For financial markets, the shift in the Fed stance from its apparent policy pivot in late 2023 has meant a repricing on the pace of rate cuts. Where futures traders entered the year expecting cuts to start coming in March, with six or seven total on the year, they have pushed out the first cut to June, with three to follow, assuming cuts in quarter percentage point increments.
A bustling economy has helped the Fed focus on incoming data and allowed policymakers to avoid having to rush to cut rates. Gross domestic product expanded at a 2.5% annualized pace in 2023 and is on pace to increase at a 2.5% pace in the first quarter of 2024, according to the Atlanta Fed’s GDPNow tracker.
One key ingredient in that growth has been a resilient consumer boosted by a strong labor market. The economy added another 275,000 nonfarm jobs in February, though the increase skewed heavily to part-time jobs and the unemployment rate rose to 3.9%.

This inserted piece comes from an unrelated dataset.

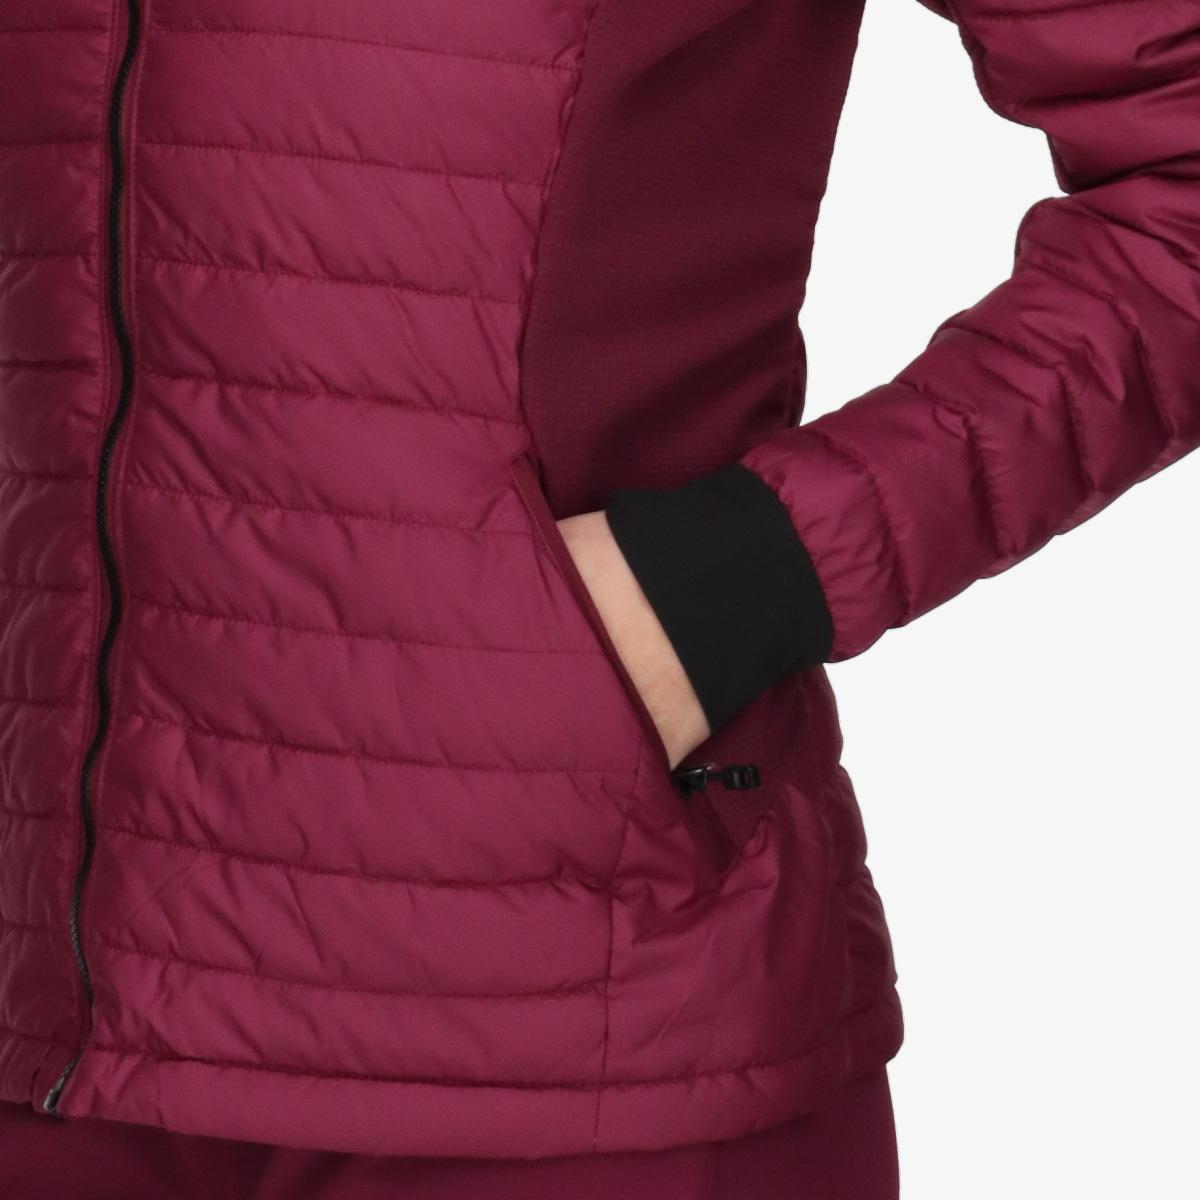 THE NORTH FACE WOMEN’S INSULATION HYBRID 
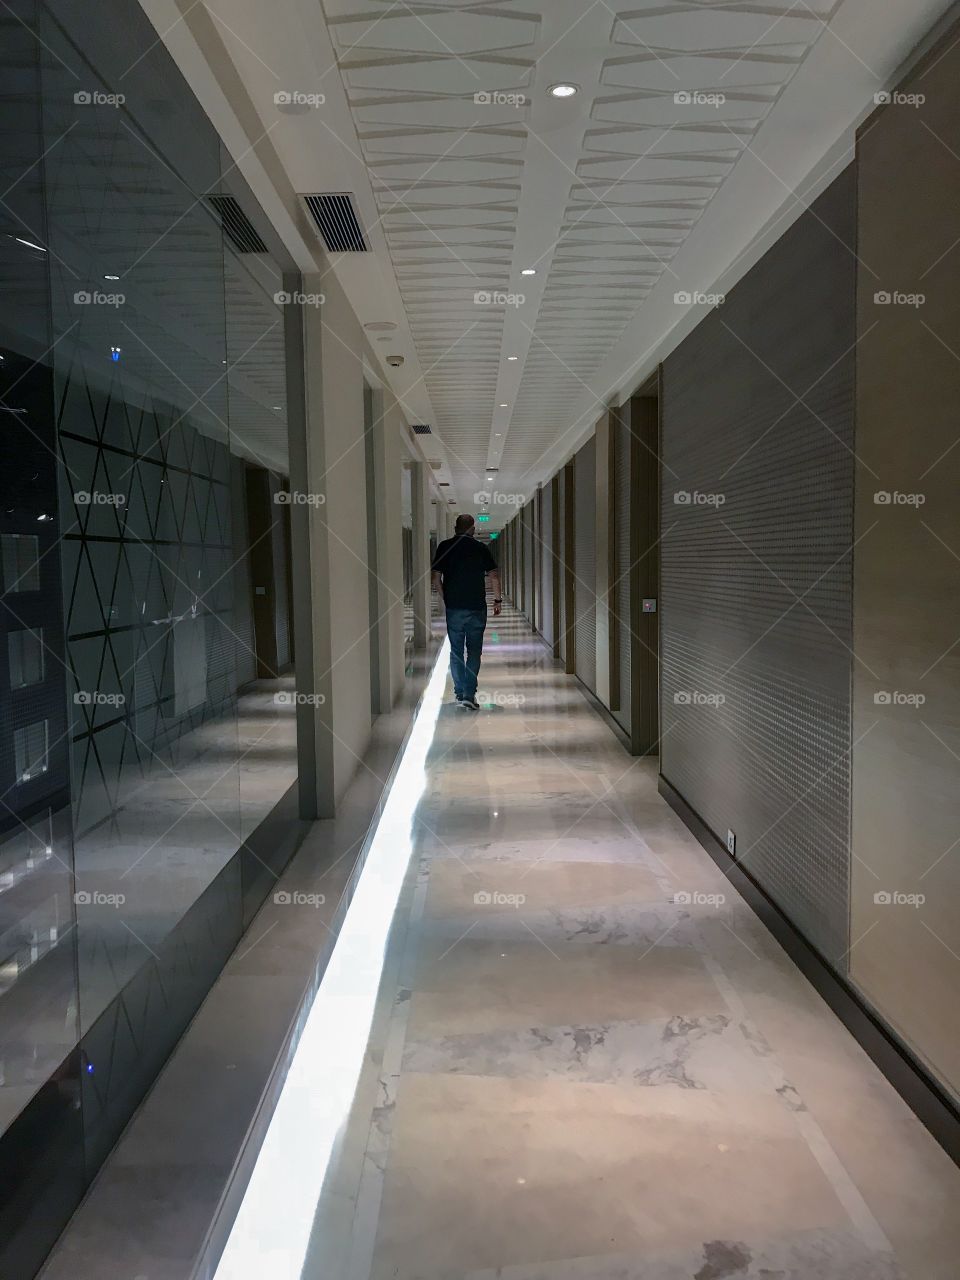 Walk along the lit corridors of the hotel ...with light, mirrors & length...

Such strength can be a double-edged sword: While the growth in the face of aggressive rate hikes has bought the Fed time on policy, it also raises concerns that inflation could be more durable than expected.
Housing costs in particular have caused concern.
Shelter comprises about one-third of the CPI weighting and has been slow to decelerate, at least according to the BLS measure. Fed officials see rental prices coming down through the year, and other measures outside the CPI computation of owners-equivalent rent – a hypothetical measure of what property owners can get on the rental market – have shown easing price pressures.